The TSP F Fund is the Thrift Savings Plan version of a corporate bond fund. However, if you dig a little bit you’ll quickly see why this fund is NOT a corporate bond fund in the least.
Why do I say this? Look what happened in 2008. In 2008 everything, and I mean EVERYTHING got hammered. That is, everything for government bond funds. Government bonds did swimmingly in that year as everyone was fleeing from risk into assurance.
What did a typical corporate bond fund do in 2008? Well look at USAA’s Income Fund, USAIX. It was down over 5%.

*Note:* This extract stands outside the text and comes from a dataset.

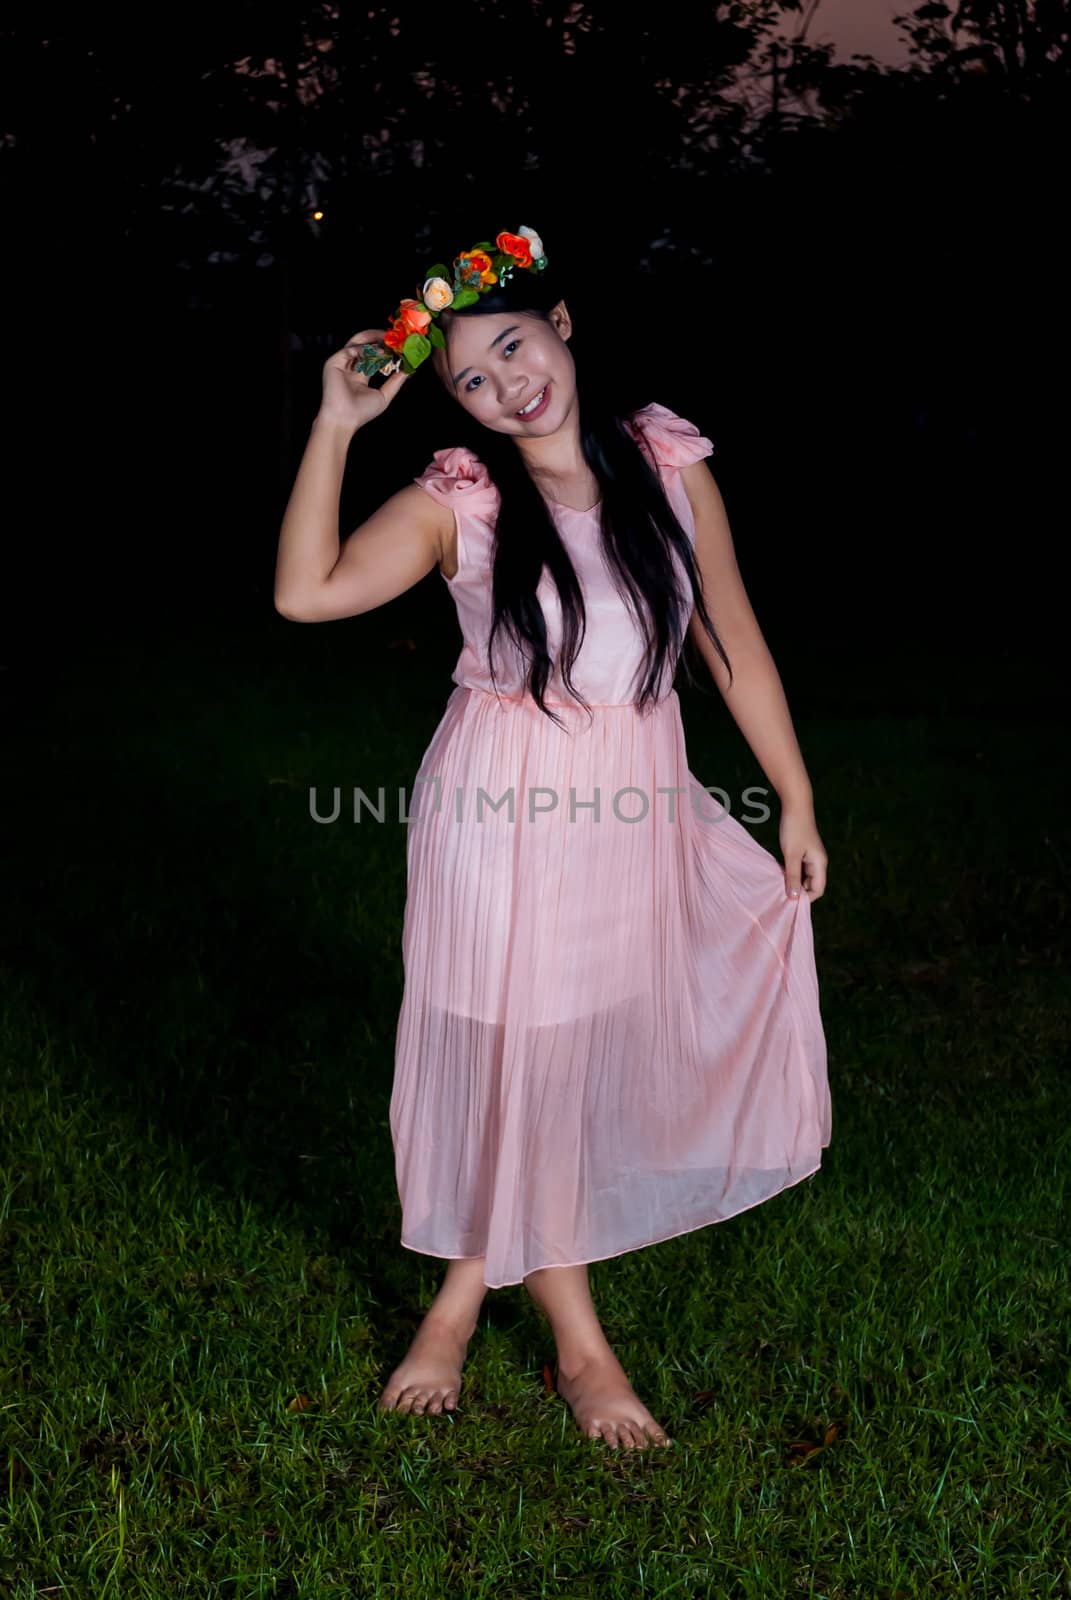 Asian Thai girl is holding flower crown in the park

What did the TSP F Fund do? It was UP over 5%! The only way to do that was to have exposure to government bonds, such as GNMAs.
Does the F Fund have some corporate bonds in ti too? Yup. That’s why I actually changed my mind mid-episode as to the fund I’d choose for my fixed income holdings, the G Fund or the F.
The F has a broader range of fixed income products in its portfolio. That will lead to a bit more risk but should provide more return too.
In fact over the last 10 years we see that precisely. The F fund doubled the rate of return of the G. In a low yielding environment every percentage point you can get helps, a lot.
So, if you can get say double the rate of return of the G Fund without doubling the risk, that’s a chance I’d take indeed.
Will it ALWAYS double the returns of the G fund? Of course not. It may in fact perform worse. I’ve no clue.
But given it’s track record and history of never having wealth destroying years, I’m pretty fond of the F fund.
Now, mind you, I’m not fond of bond funds in the whole. After taxes and inflation, it’s going to be awful to make any money in them.
But if I needed to put a bond fund into my portfolio, I won’t yell at you for choosing the TSP F Fund.